_Task description_
Each line of the data is to be output verbatim, with the images removed.

━━━ Dataset excerpt ━━━

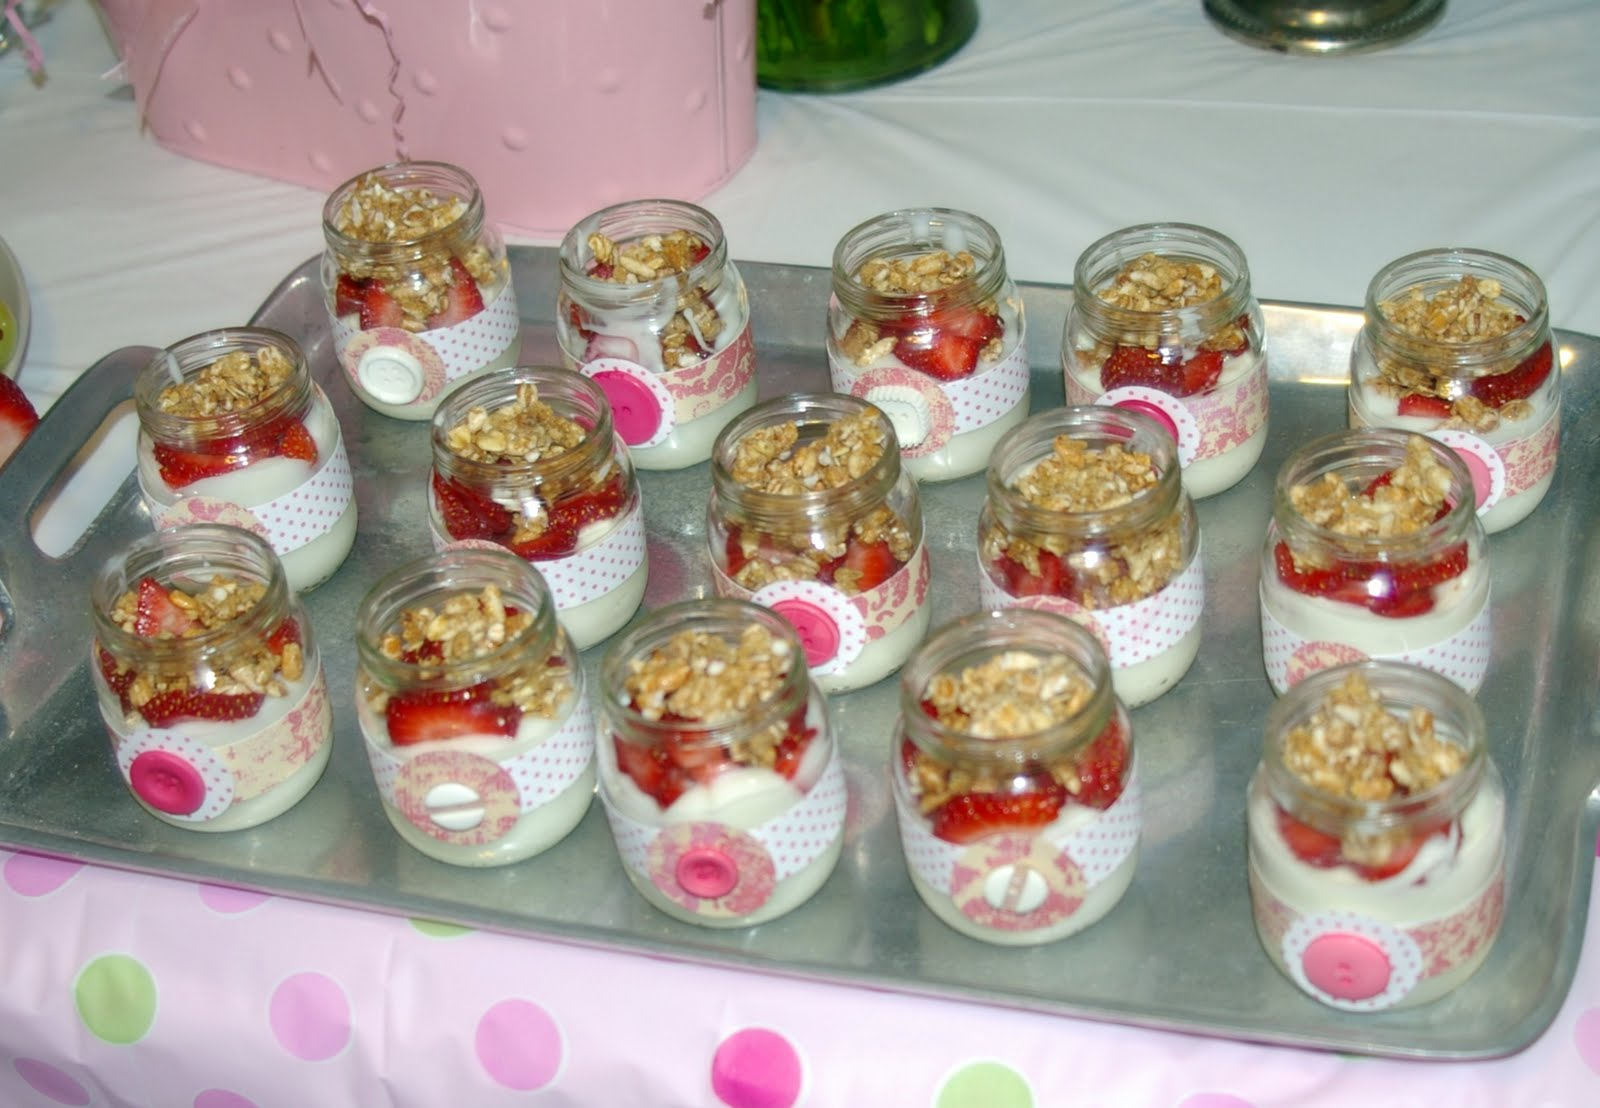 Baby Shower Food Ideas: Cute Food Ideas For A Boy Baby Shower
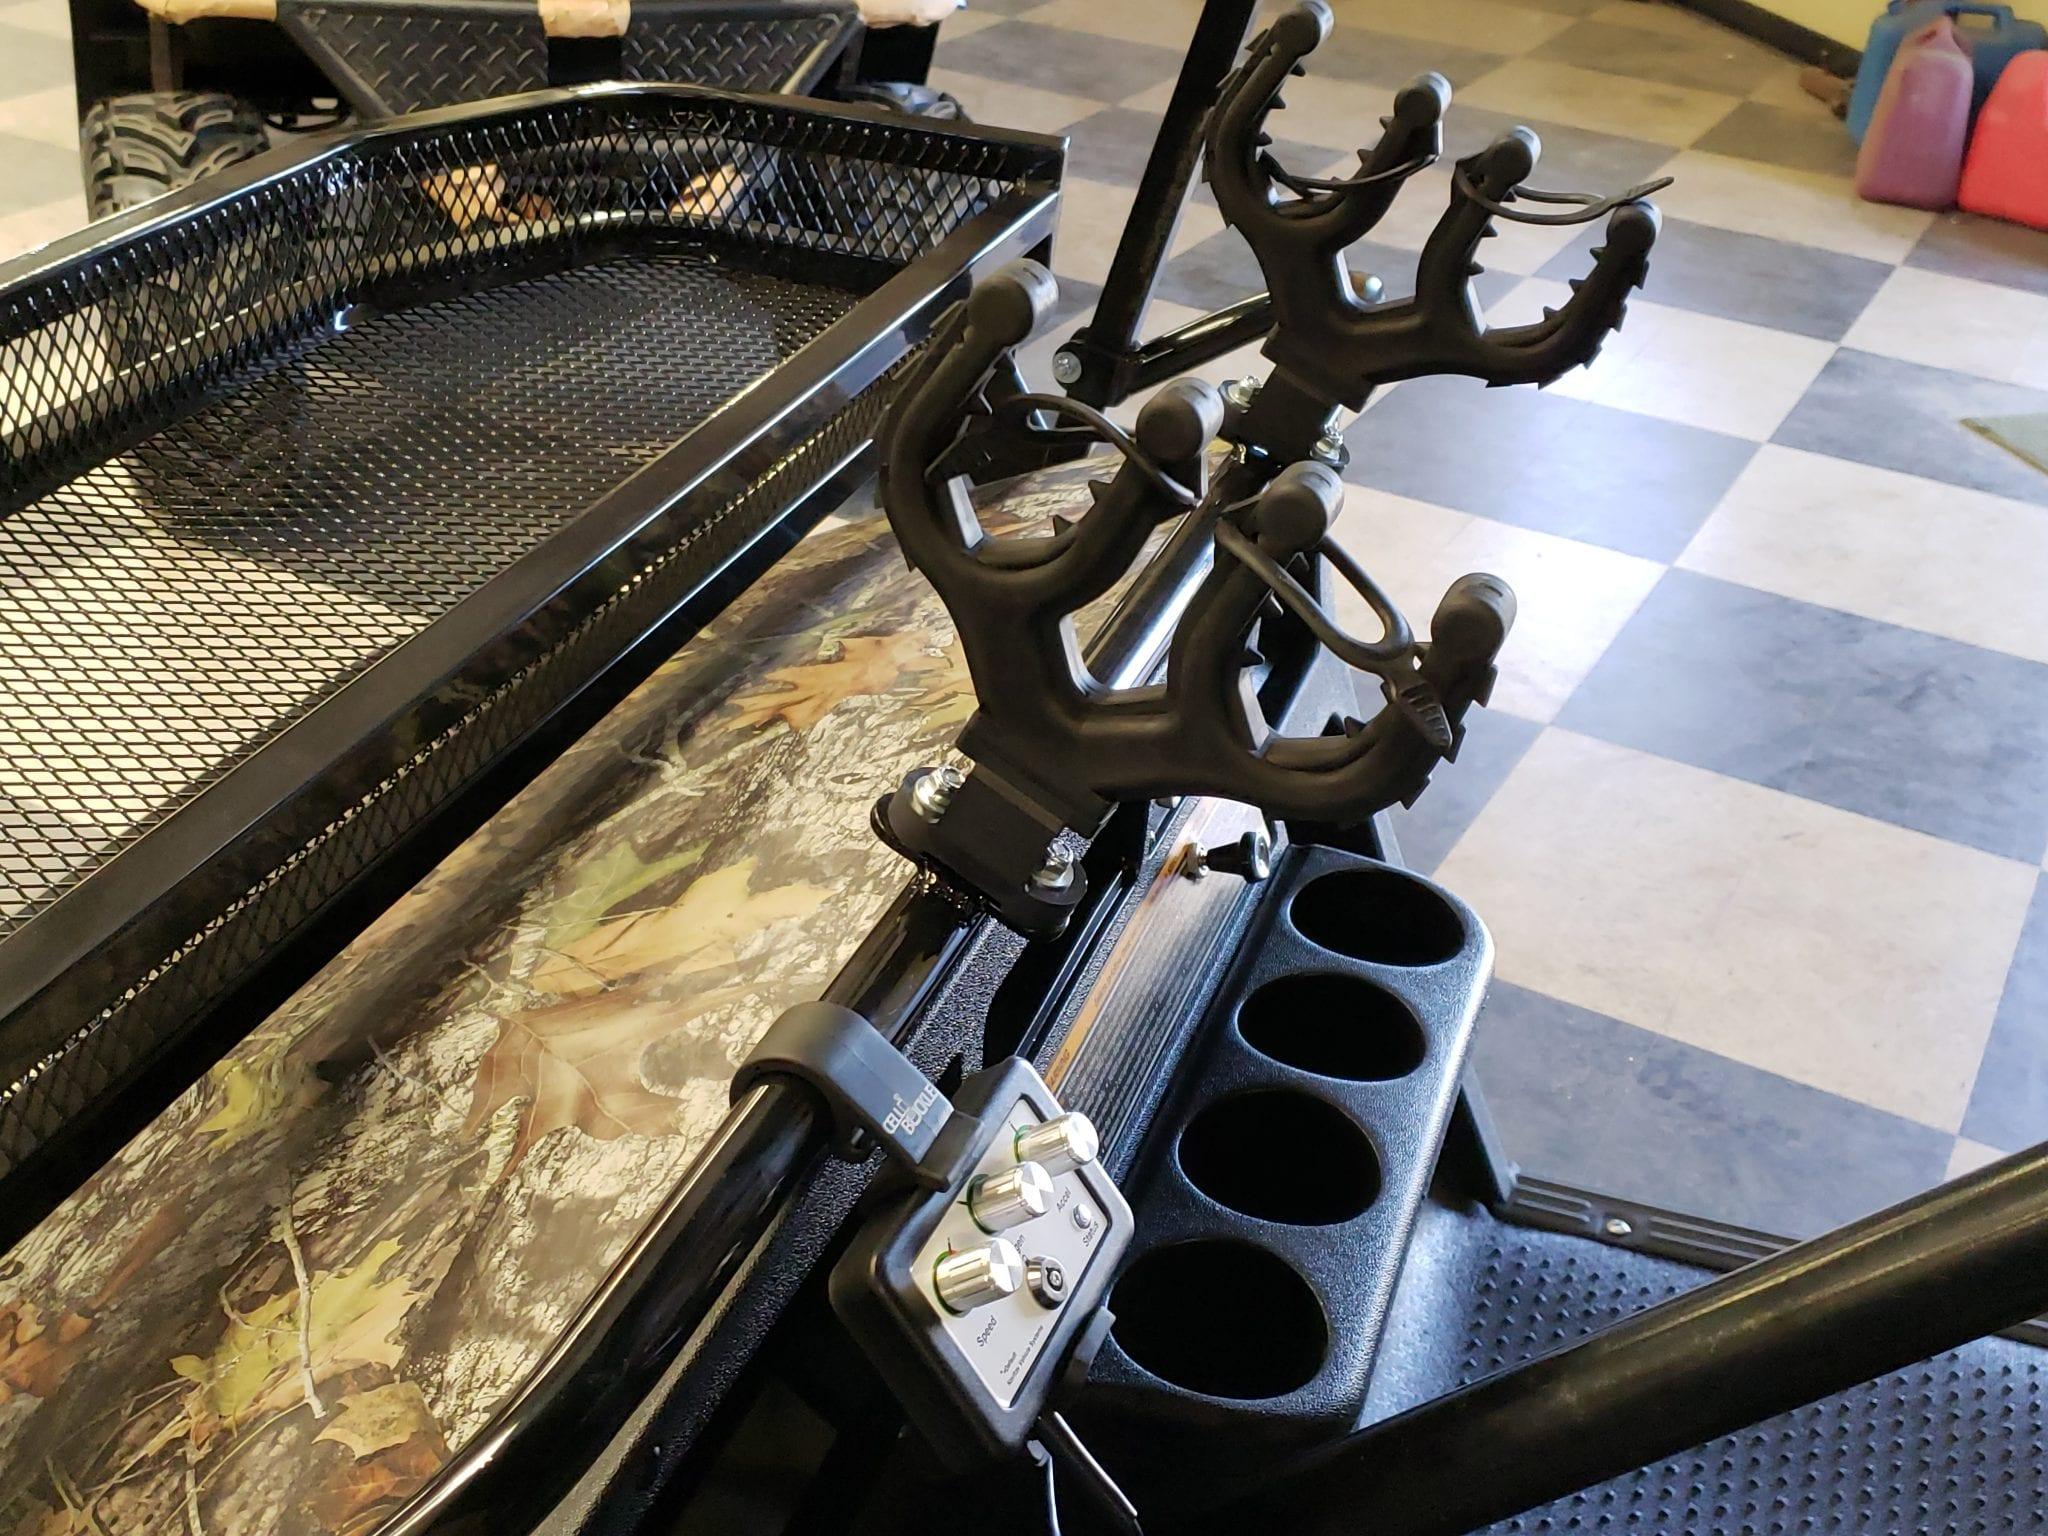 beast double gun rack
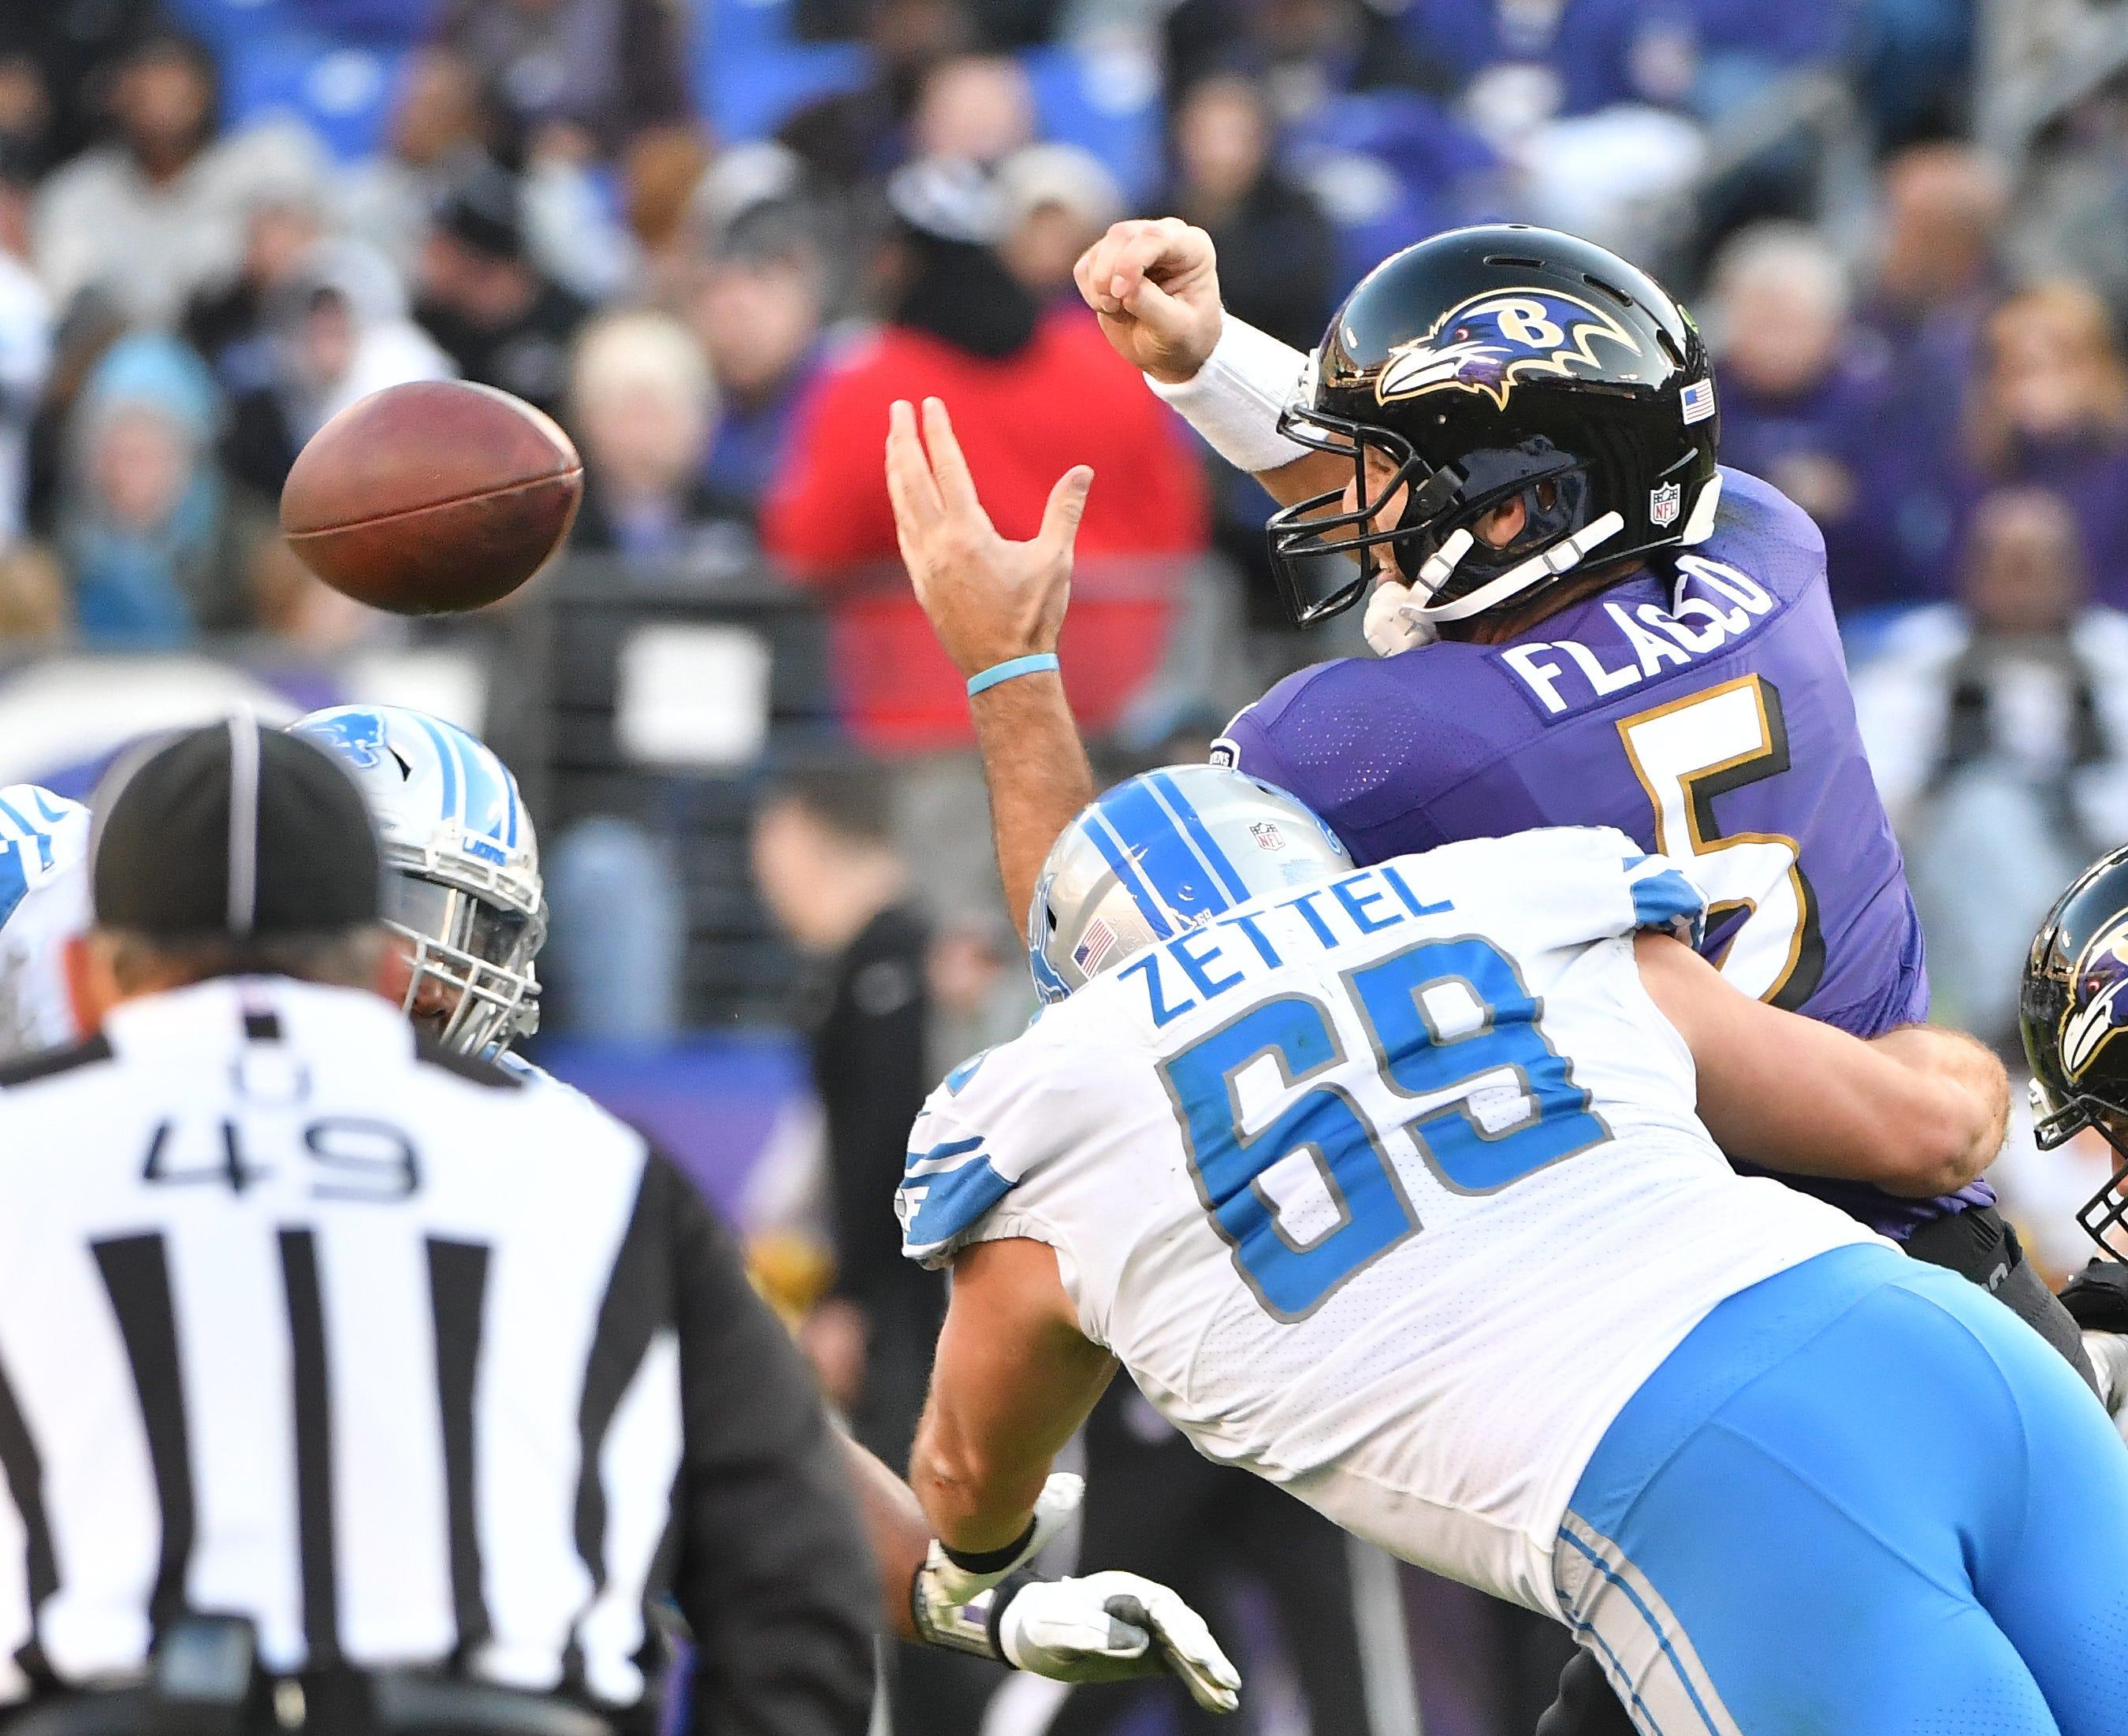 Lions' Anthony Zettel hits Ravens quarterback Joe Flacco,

━━━

_Answer space_
 Baby Shower Food Ideas: Cute Food Ideas For A Boy Baby Shower
 beast double gun rack
 Lions' Anthony Zettel hits Ravens quarterback Joe Flacco,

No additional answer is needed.